Plasmids pSFerH1 and pAT-T7-SFerH2 (kindly provided by Taro Masuda) (29), which contained soybean (Glycine max) seed ferritin H1 and H2 cDNAs, respectively, were used as the templates to PCR amplify the coding sequences of ferritins H1 and H2, which lacked their transit peptide (amino acids 1 to 48 in SFerH1 and amino acids 1 to 47 in SFerH2) (Fig. 1A). Oligonucleotides SSFH1-BamHI-F and SSFH1-SalI-R were used to amplify ferritin H1, whereas oligonucleotides SSFH2-BamHI-F and SSFH2-SalI-R were used to obtain ferritin H2 (Table 1). The SFerH1 PCR product was cloned into centromeric vectors p416ADH, p416TEF, and p416GPD, and SFerH2 was cloned into centromeric vectors p413ADH, p413TEF, and p413GPD (52). The URA3 selection marker was used for SFerH1 plasmids, and HIS3 was used for SFerH2 plasmids. In all cases, BamHI and SalI restriction sites were utilized for cloning. All PCR amplifications were performed with Phusion high-fidelity DNA polymerase (Thermo Scientific), and cloned inserts were sequenced. The Escherichia coli One Shot TOP10 strain (Invitrogen) was used for plasmid propagation and isolation.

TABLE 1.

Oligonucleotides used in this work

graphic file with name zam01016-7140-t01.jpg

Western blot analyses.

Total protein extracts were obtained by the alkali method (53). Equal amounts of protein were resolved in SDS-PAGE gels and transferred onto nitrocellulose membranes. Ponceau staining was used to assess protein transfer. Both soybean ferritin H1 and H2 protein levels were determined with an anti-soybean ferritin H1 primary antibody (kindly provided by Taro Masuda), whereas Pgk1 protein levels were determined with an anti-Pgk1 antibody (catalog number 22C5D8; Invitrogen). Immunoblots were developed with horseradish peroxidase (HRP)-labeled secondary antibodies and the ECL Select Western blotting detection kit (GE Healthcare Life Sciences). Immunoblot images were obtained with an ImageQuant LAS 4000 Mini biomolecular imager (GE Healthcare Life Sciences).

Prussian blue staining.

To determine whether soybean ferritin expressed in yeast assembled into multimeric complexes that stored iron, staining with Prussian blue was performed as previously described (49). Briefly, yeast cells that corresponded to a total optical density at 600 nm (OD600) of 60 were harvested and washed twice with distilled water and once with extraction buffer (20 mM Tris-HCl [pH 7.4]). The cells were then disrupted with 200 μl of extraction buffer and 200 μl of glass beads in a bead beater (Biospec Products Inc.). Cell lysates were centrifuged for 3 min at 10,000 × g at 4°C, and the supernatant was transferred to a fresh tube. Since ferritin is a thermostable protein, it was partially purified from yeast cell extracts by heating at 75°C for 15 min. Cell extracts were centrifuged for 10 min at 16,000 × g, the supernatant was transferred to a fresh tube, and protein concentrations were determined by the Bradford method (54). Ten micrograms of proteins was resolved by 7% native PAGE under nondenaturing conditions. Two identical gels were prepared: one was stained for protein by using 0.2% Coomassie brilliant blue, and the other was stained for iron loading with a fresh 1:1 (vol/vol) mixture of 2% K4Fe(CN)6 (ferrocyanide or Prussian blue; Sigma) and 2% 11.6 M HCl (0.116 M final HCl concentration). Horse spleen ferritin (Sigma) was included as a control (data not shown).

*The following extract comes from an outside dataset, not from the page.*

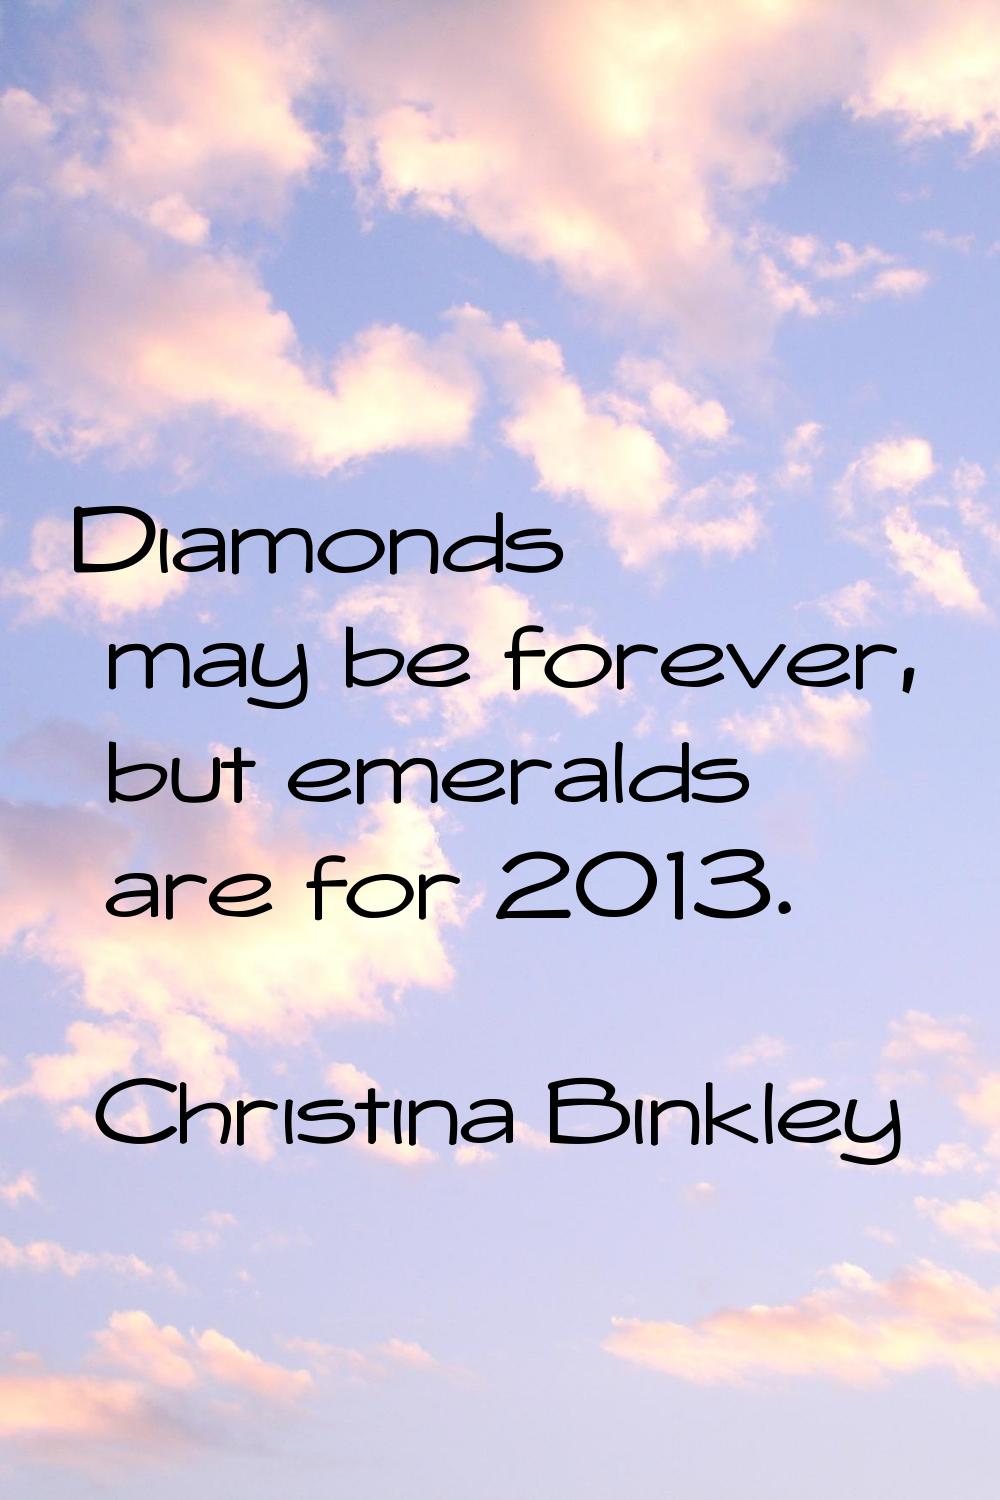 Diamonds may be forever, but emeralds are for 2013.

Endogenous iron measurements.

Yeast cells that corresponded to a total OD600 of 5.0 were collected by centrifugation and washed twice with 1 mM EDTA and once with MilliQ water. Cells were dissolved in 500 μl of 3% HNO3 and incubated at 98°C for 16 h with agitation. After digestion, extracts were used to determine iron levels. For yeast cells grown in SC medium, iron levels were determined by inductively coupled plasma mass spectrometry (ICP-MS) at the Servei Central d'Instrumentació Científica of the Universitat Jaume I (Castellón, Spain). We used a colorimetric assay for the other samples (55). We previously confirmed that both methods provided similar results (51).

RNA analyses.

To determine the expression levels of the specific mRNAs, total RNA was extracted, and quantitative reverse transcription-PCR (qPCR) was performed as previously described (56). For each analyzed gene, a standard curve was made with serial dilutions of the cDNA sample. ACT1 mRNA values were used to normalize data. Data and error bars represent the averages and standard deviations of results from at least three independent biological samples. All the primers used in this study are listed in Table 1.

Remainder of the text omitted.